1 de diciembre de 2013

Jacques Sternberg























La secretaria


La habían contratado por su hermosura, sin preguntarle ni siquiera si sabía escribir a máquina. Escribía a máquina como una virtuosa, con una destreza que superaba a la de todas las restantes empleadas. Era capaz de entregar más de veinte cartas por día.

Lo asombroso de todo era que escribía a máquina con los pies, sin usar nunca las manos.

El primer día, eso causó mala impresión.

Pero la impresión muy pronto fue eclipsada por otros hechos: la secretaria no sólo tenía hermosísimas piernas, sino también un vientre plano que hacía soñar mientras respondía muy comercialmente a los clientes.





La tejedora


Nunca la había visto yo sin sus agujas de tejer. Tejer era su pasión, su única inquietud. Incluso si un rayo caía al pie de su ventana, ella no apartaba los ojos del tejido. Pero yo conocía sus ojos. Eran verdes, admirables. Porque Ylge era hermosa, extrañamente hermosa. Y aún más extraño era el contraste entre la belleza de Ylge y la banalidad de esa labor que ella cumplía con tanta perseverancia.

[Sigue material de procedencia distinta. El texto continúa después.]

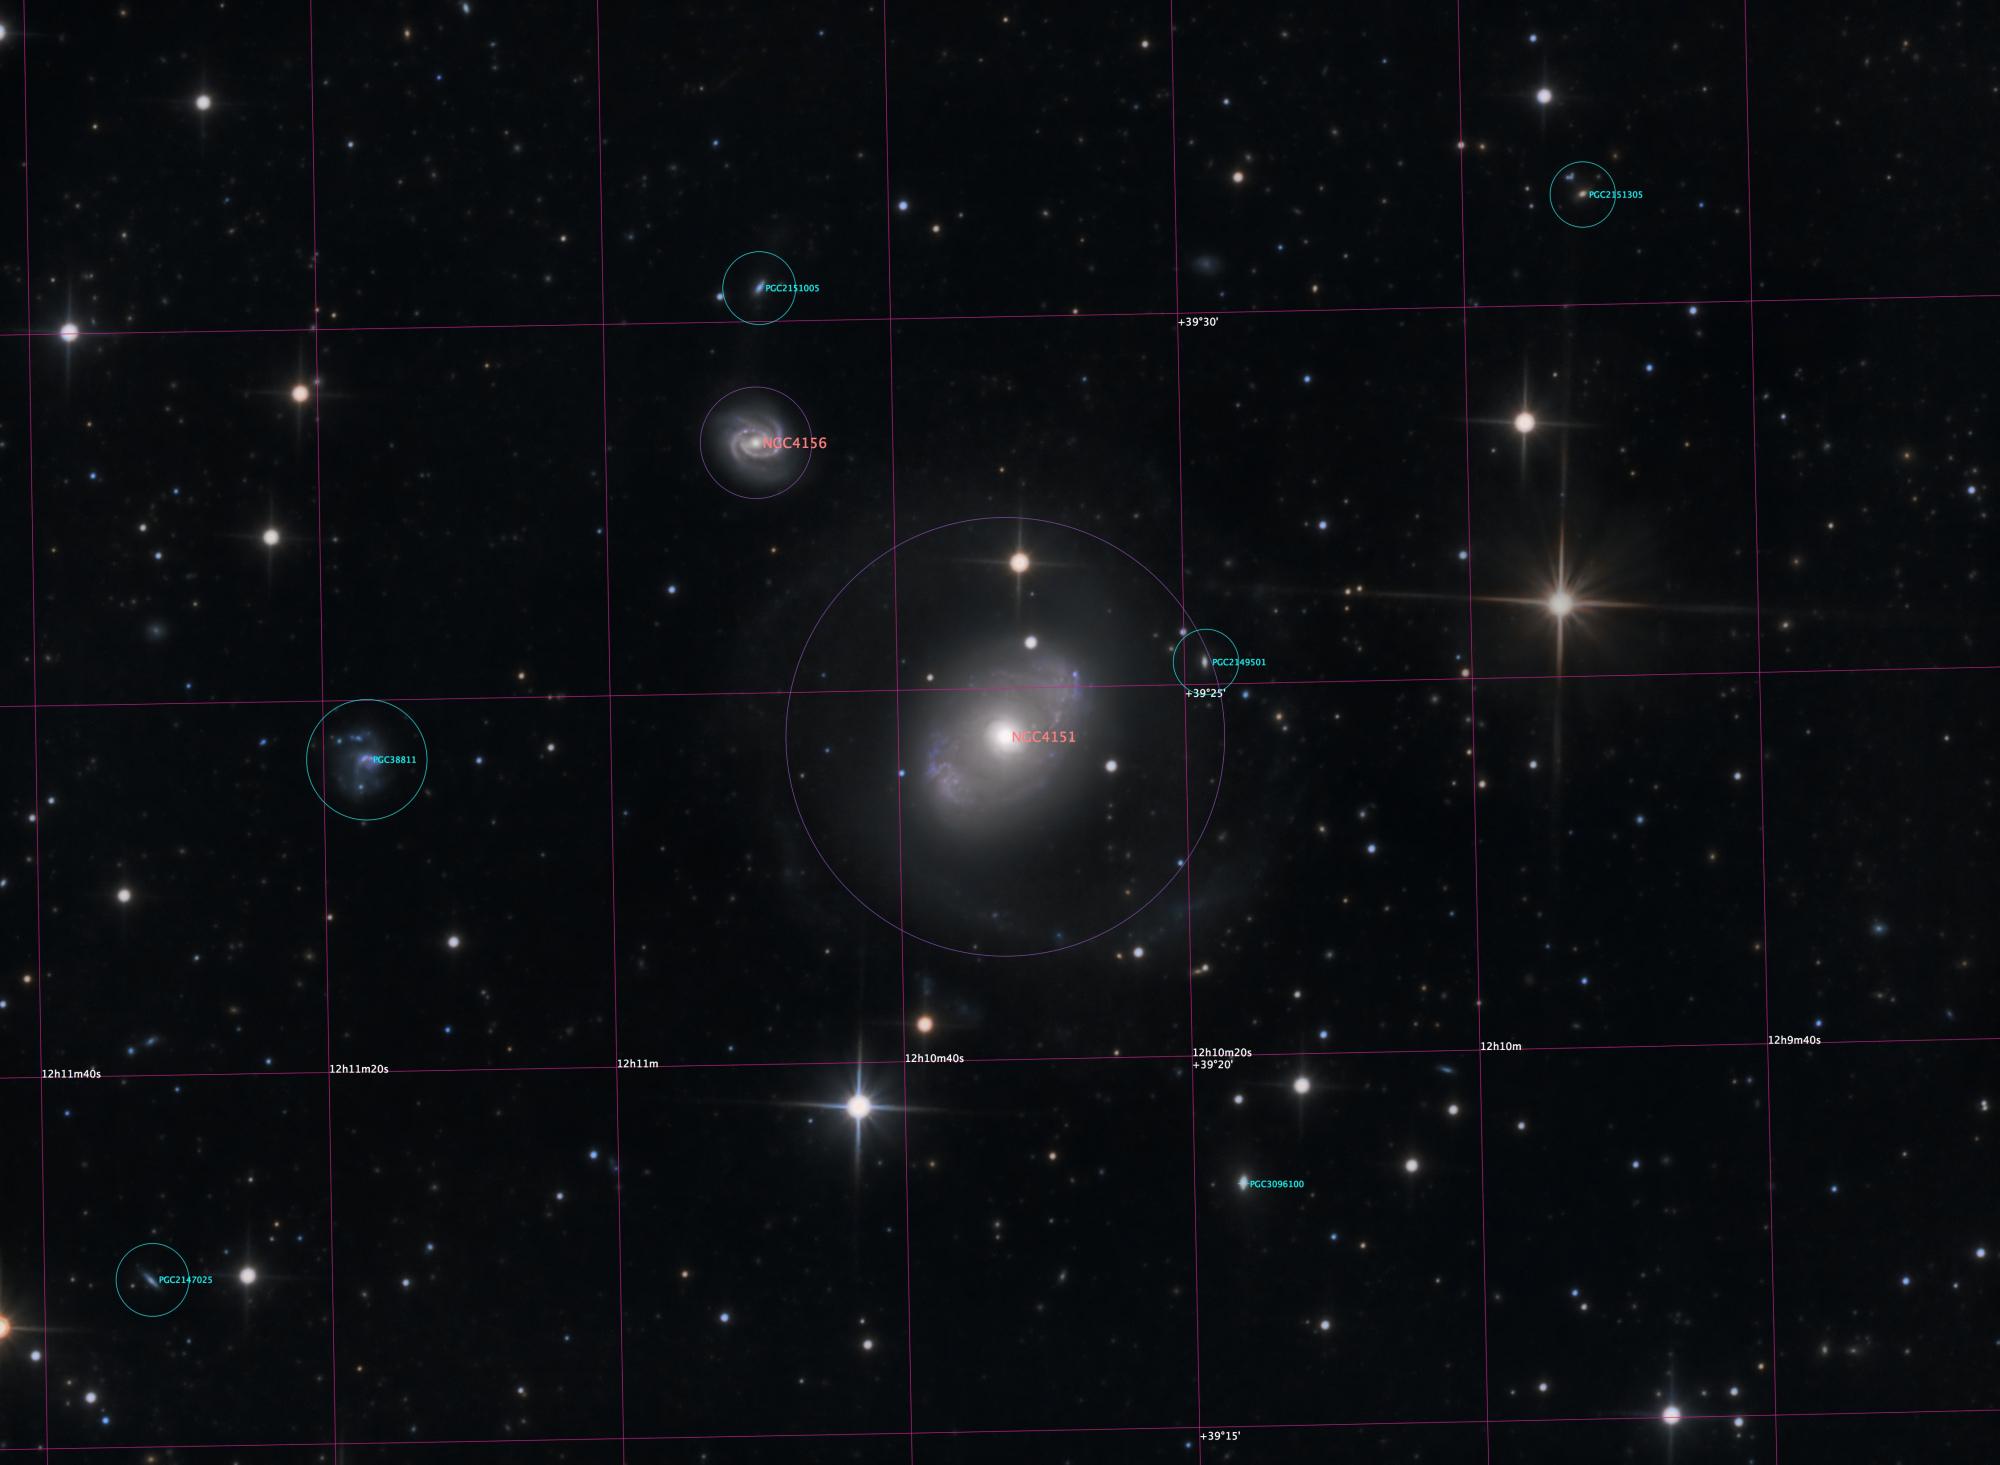 NGC_4151_LRGB_Annotated.thumb.jpg.53cef7d30a6eee1b1402ec0b14060963.jpg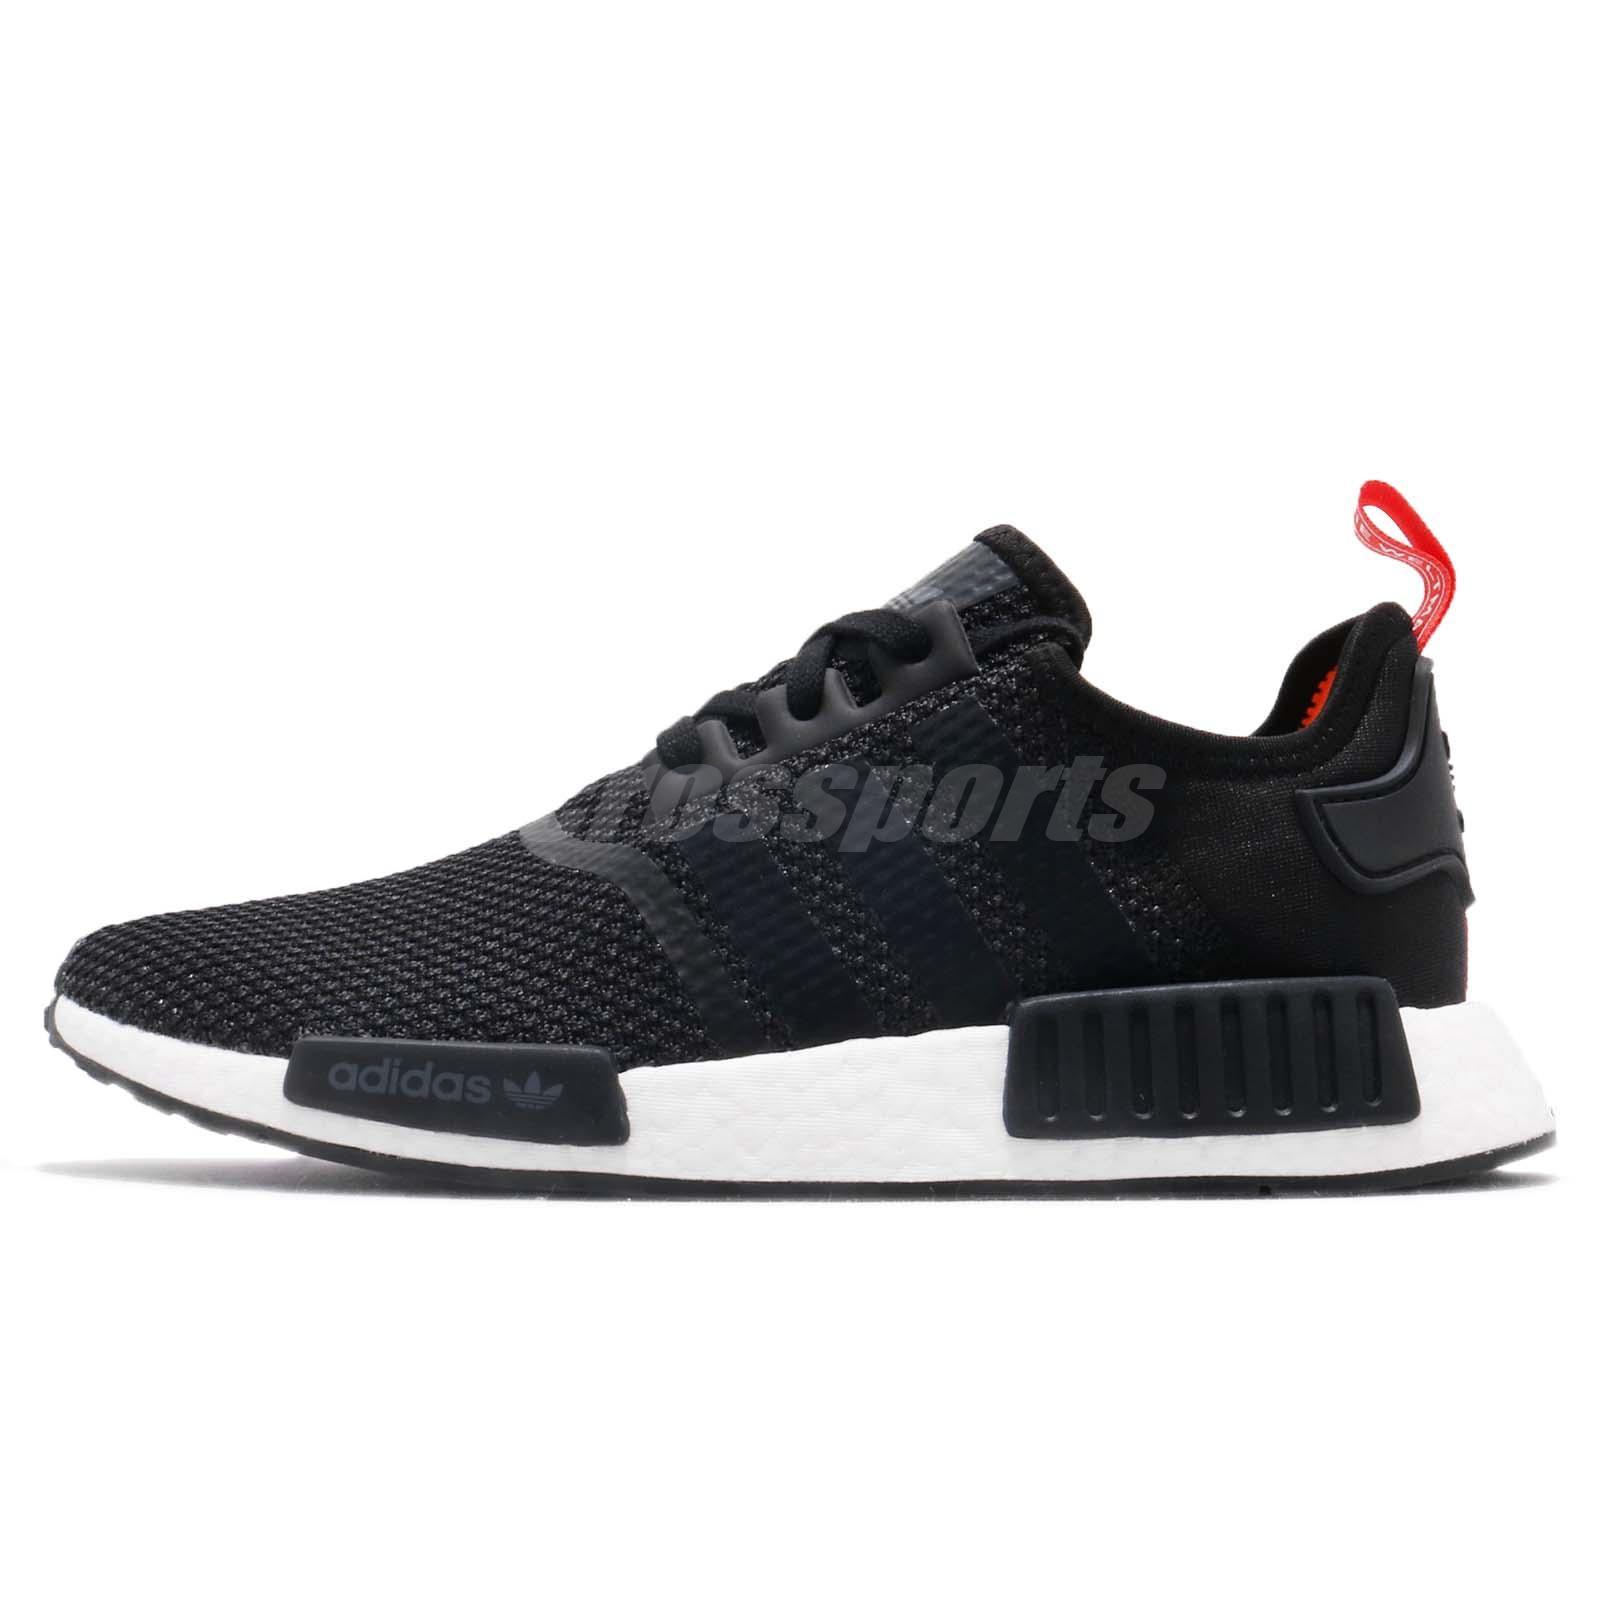 048f4572b Details about adidas Originals NMD R1 Black Solar Orange Men Running Shoes  Sneakers B37621

Me hicieron falta seis meses para convencer a Ylge de que abandonara por un rato el tejido y las agujas. La conduje a la cama y la desvestí. En su cabeza, entre dos mechones de pelo, vi un pequeño hilo de lana. Tiré de él. Durante una hora tiré de él. Finalmente comprendí que había destejido a Ylge y que ahora tenía entre manos una enorme bola de lana.

La dejé sobre una mesa. ¿Qué otra cosa podría haber hecho?